One 、 subject

I'll give you a subscript from 1 The starting array of integers numbers , The array has been pressed Non decreasing order , Please find out from the array that the sum satisfying the addition is equal to the target number target Two numbers of . Let these two numbers be numbers[index1] and numbers[index2] , be 1 <= index1 < index2 <= numbers.length .

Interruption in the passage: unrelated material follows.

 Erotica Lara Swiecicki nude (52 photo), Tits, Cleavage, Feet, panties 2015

In length 2 Array of integers for [index1, index2] Returns the subscript of these two integers in the form of index1 and index2.

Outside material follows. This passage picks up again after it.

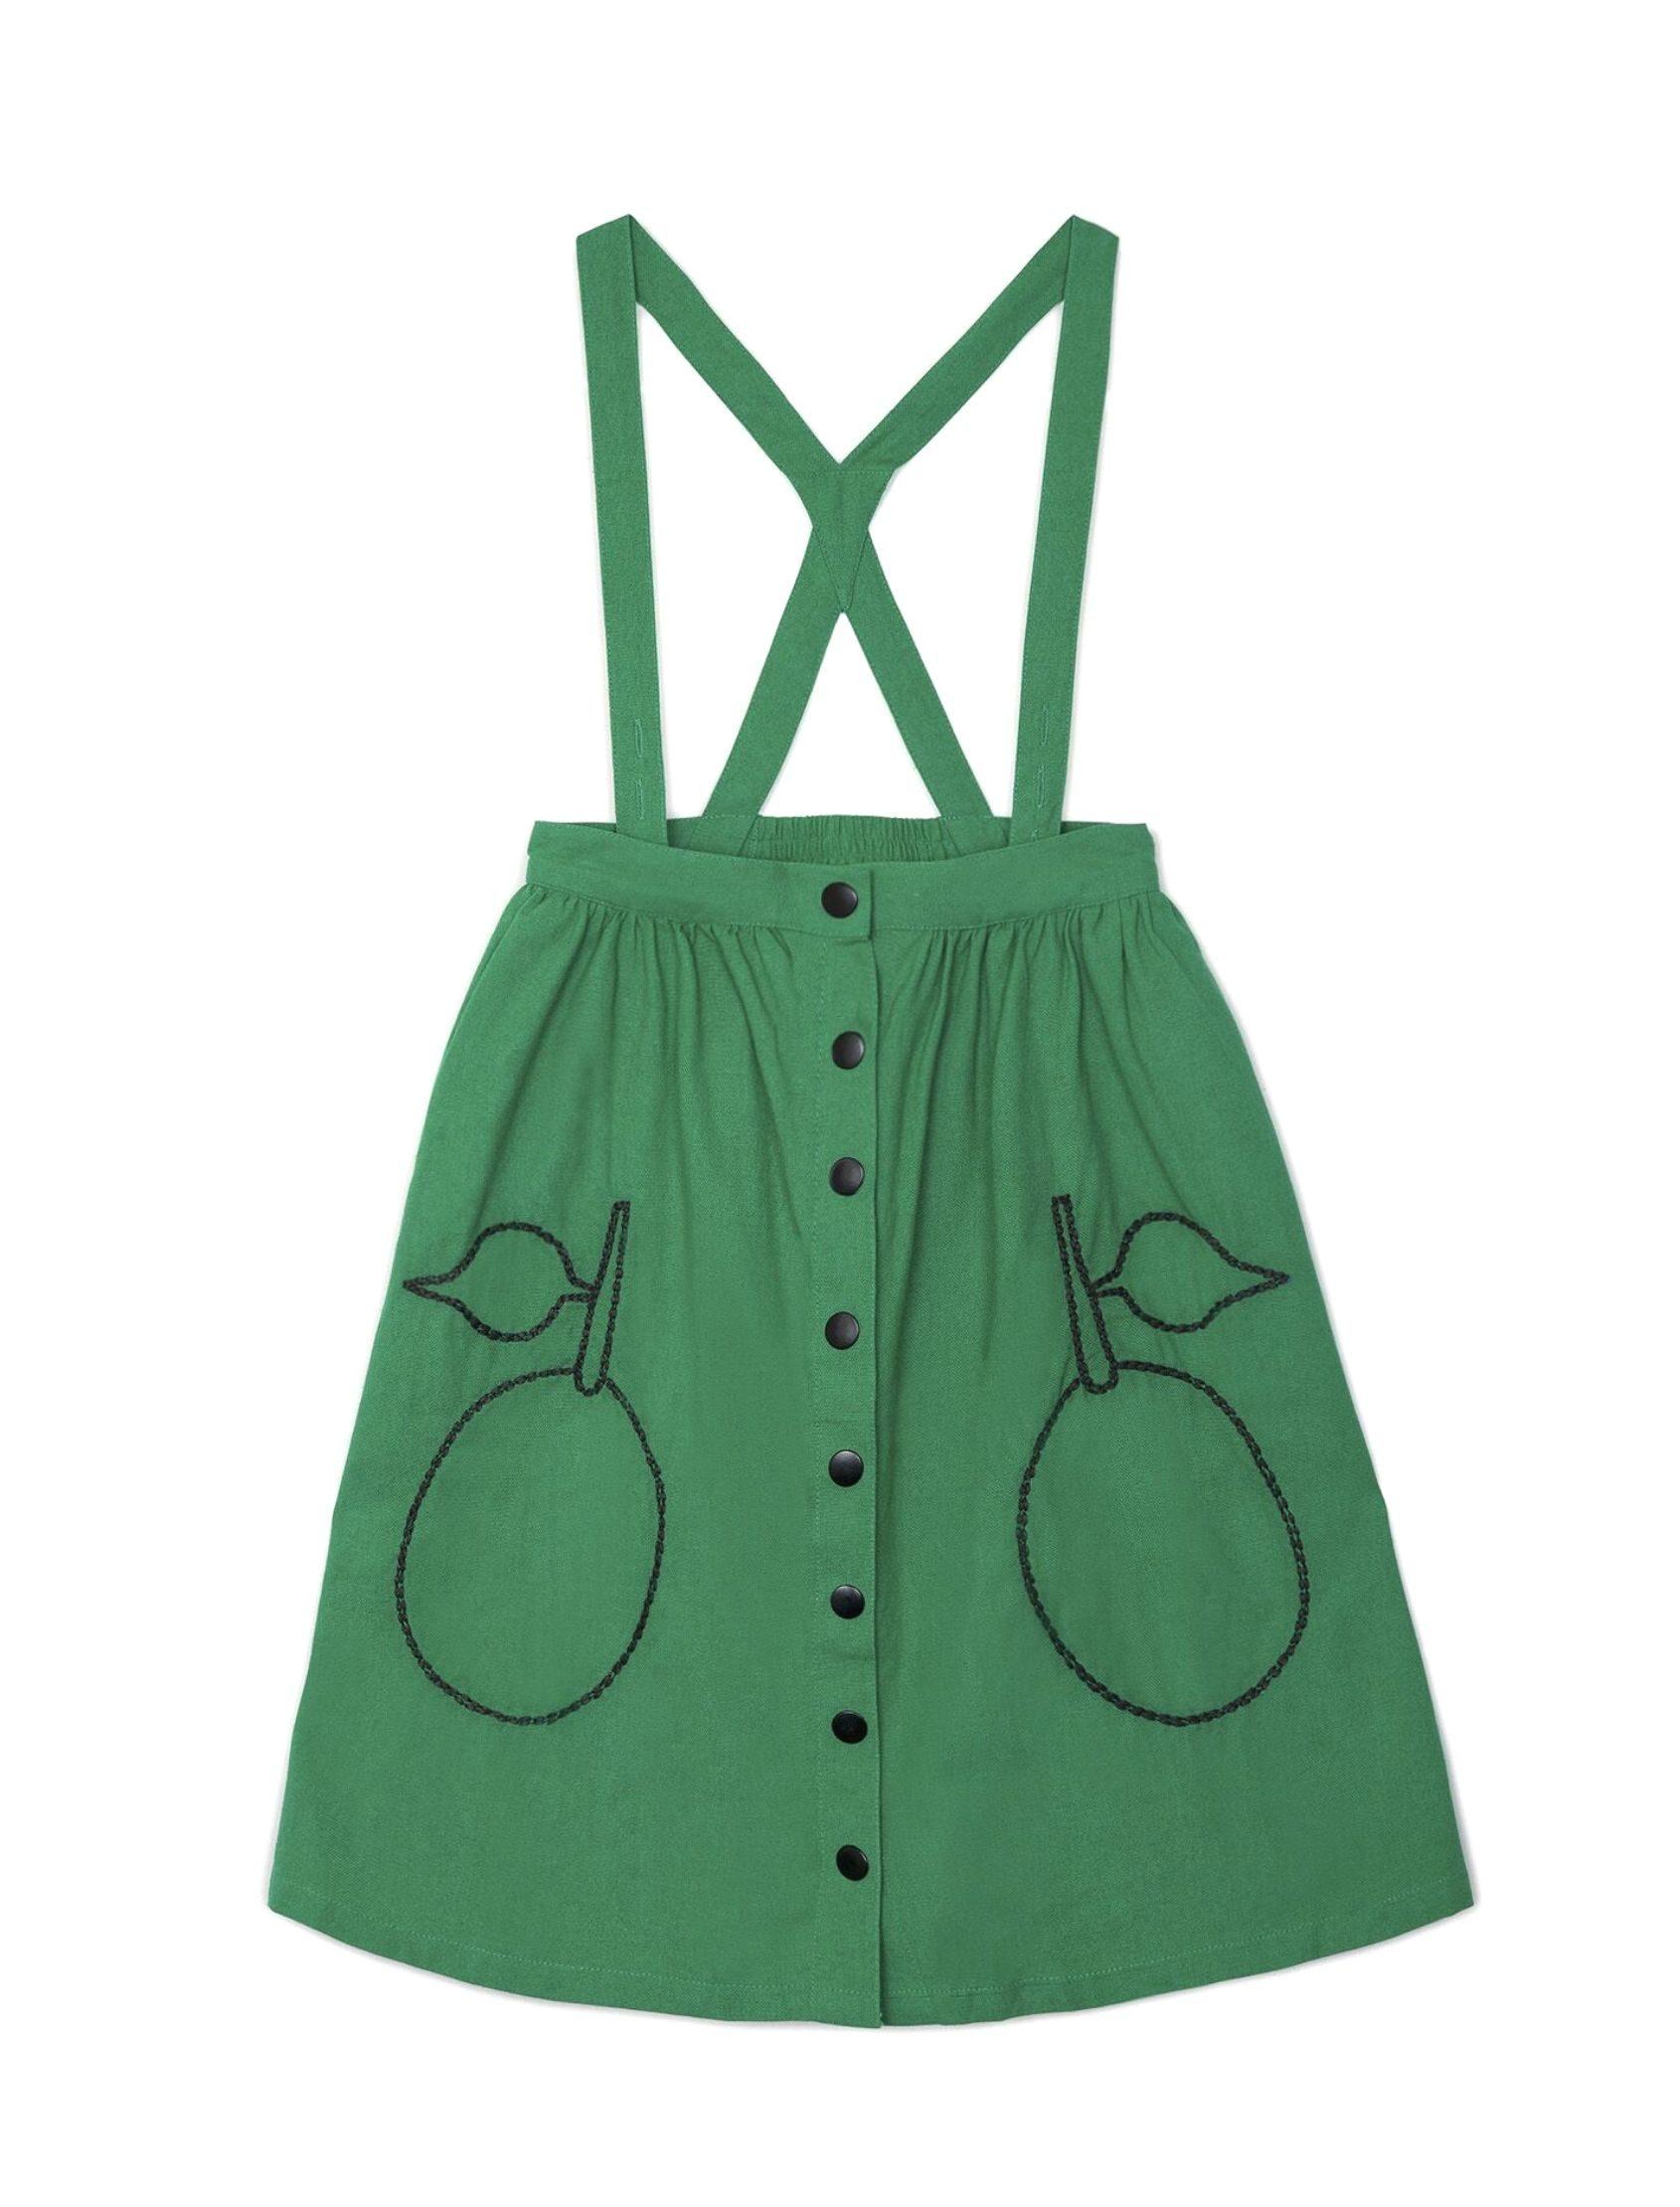 vestido pichi verde con mangos bordados de la marca nadadelazos para niña

You can assume that each input Only corresponding to the only answer , And you Can not be Reuse the same elements .

The solution you design must use only constant level extra space .

Example 1：

Input ：numbers = [2,7,11,15], target = 9
Output ：[1,2]
explain ：2 And 7 The sum is equal to the number of targets 9 . therefore index1 = 1, index2 = 2 . return [1, 2] .
Example 2：

Input ：numbers = [2,3,4], target = 6
Output ：[1,3]
explain ：2 And 4 The sum is equal to the number of targets 6 . therefore index1 = 1, index2 = 3 . return [1, 3] .
Example 3：

Input ：numbers = [-1,0], target = -1
Output ：[1,2]
explain ：-1 And 0 The sum is equal to the number of targets -1 . therefore index1 = 1, index2 = 2 . return [1, 2] .

Two 、 Answer key

This problem is to traverse an array , And find two elements , It's not an interval , And the array is ordered , Therefore, the double pointer method can be used .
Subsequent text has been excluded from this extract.